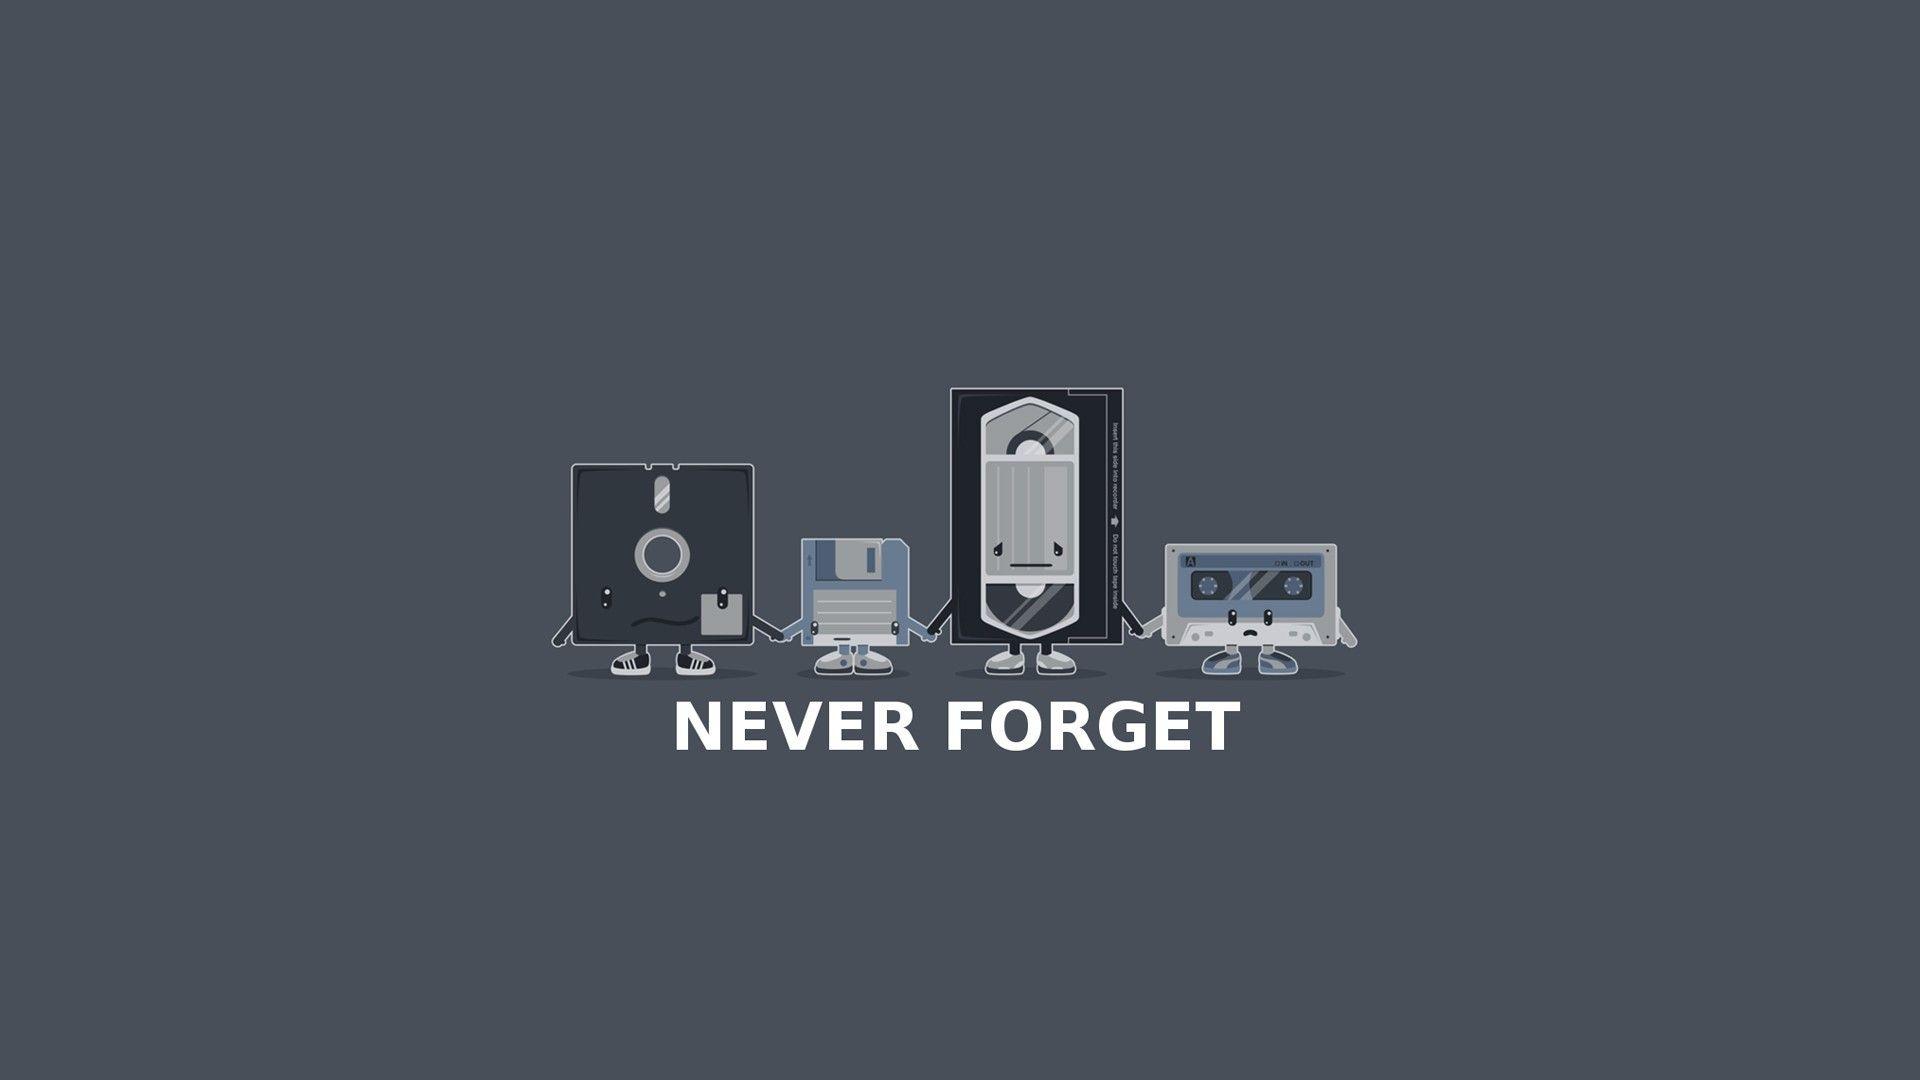 text, cassette, never forget, floppy disks, grey background, vhs
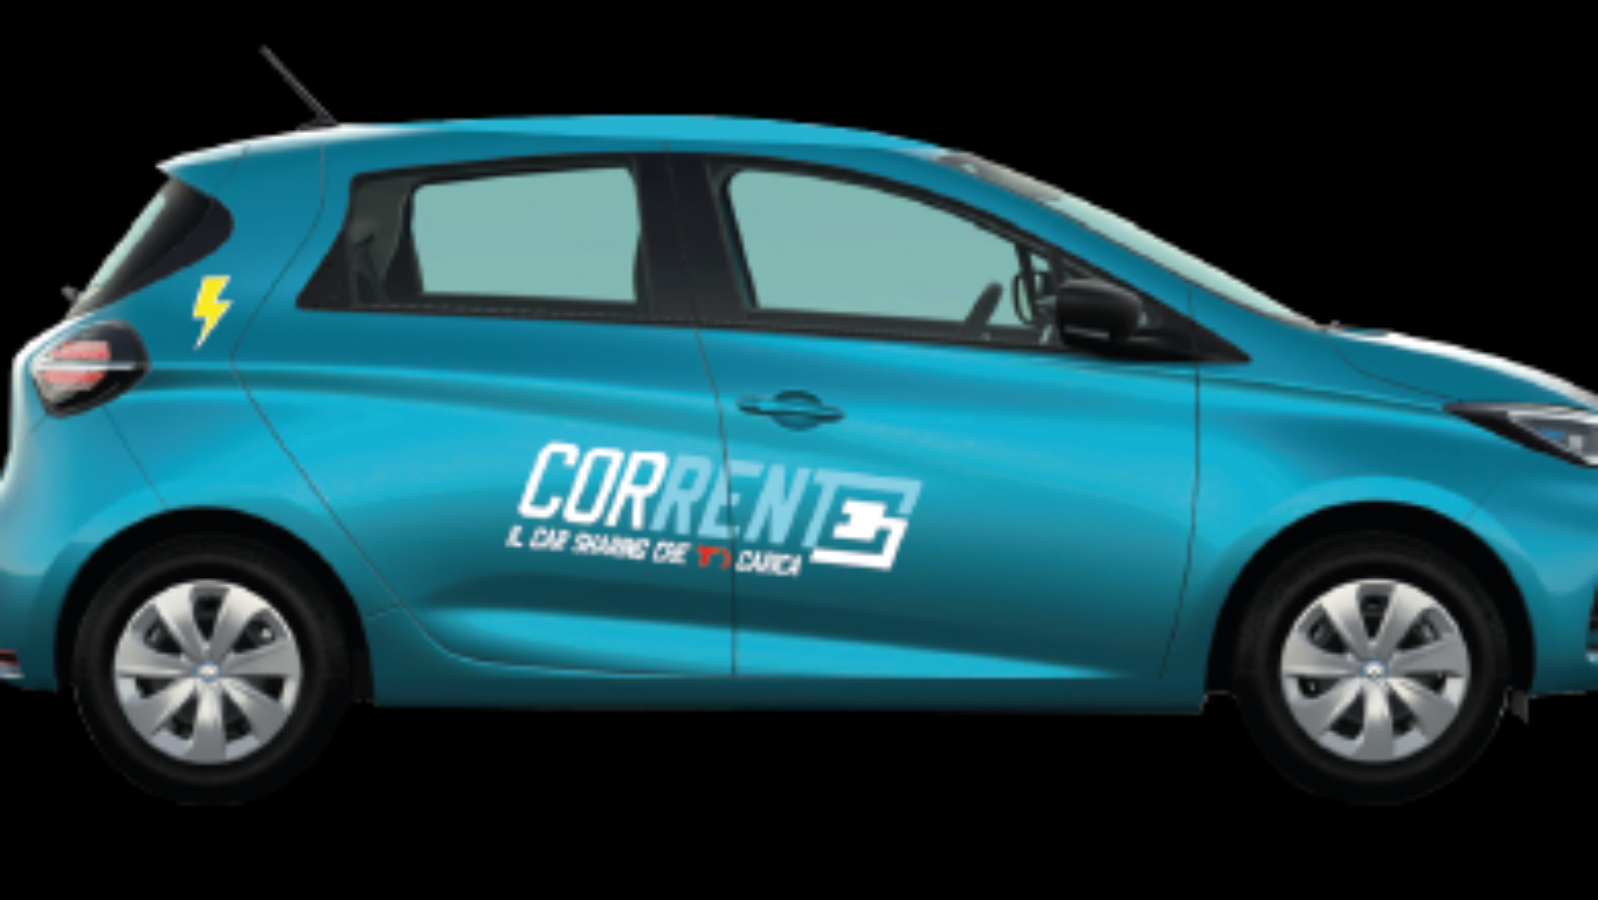 Corrente - car sharing
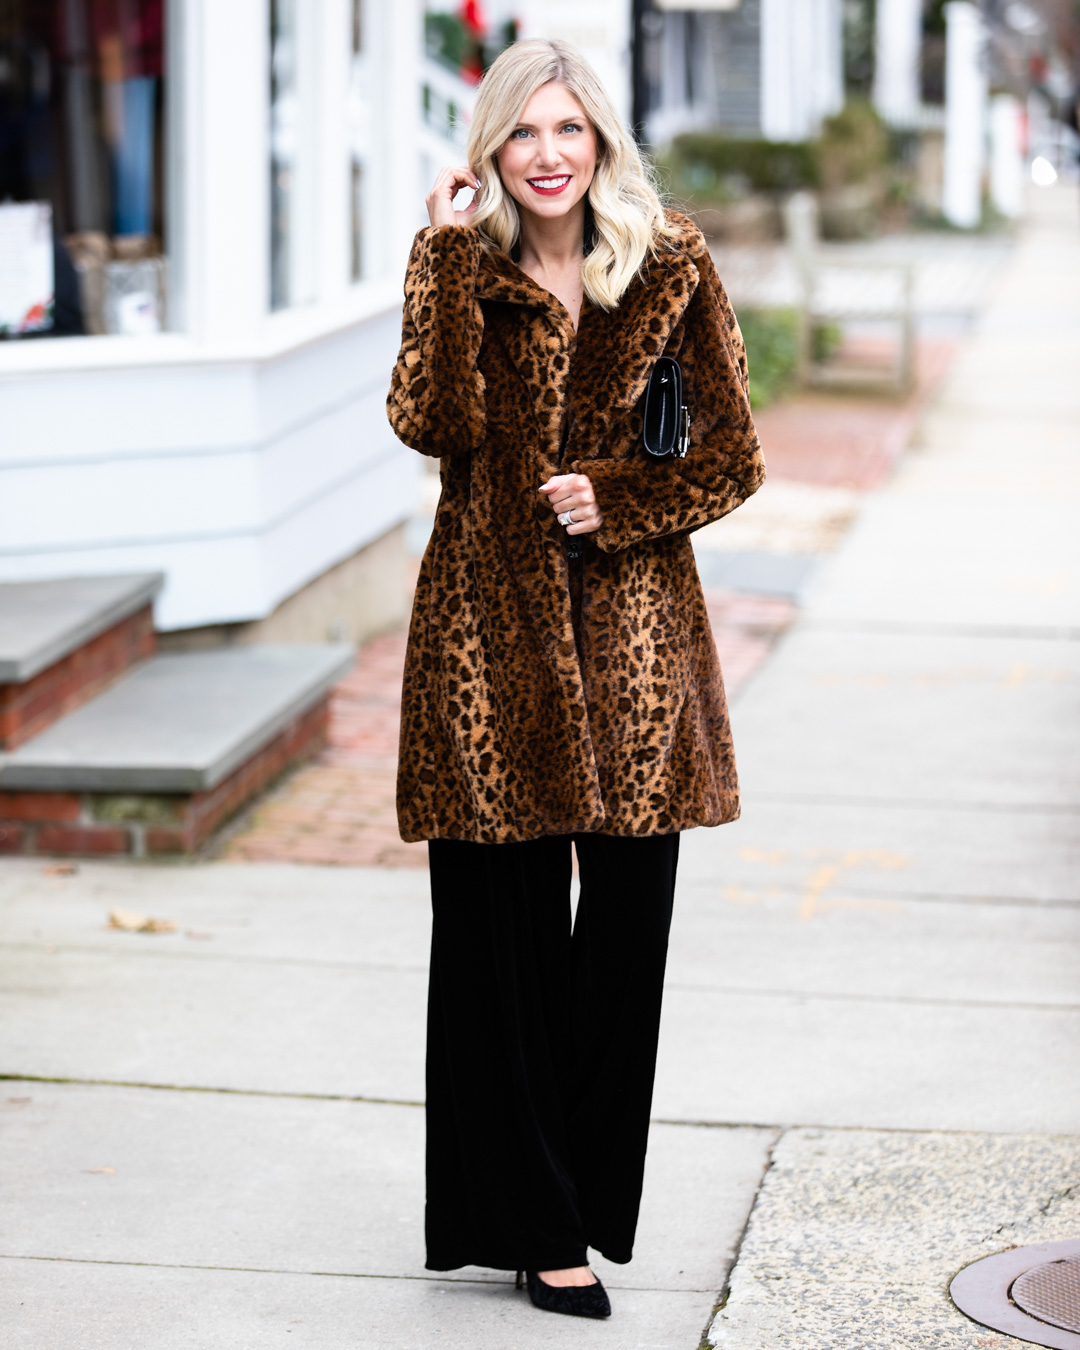 Kensie Velvet Jumpsuit and Leopard Jacket

**What is required**
Repeat the listing word for word, but without its pictures.

**Exercise solution**
 text, cassette, never forget, floppy disks, grey background, vhs
 Corrente - car sharing
 Kensie Velvet Jumpsuit and Leopard Jacket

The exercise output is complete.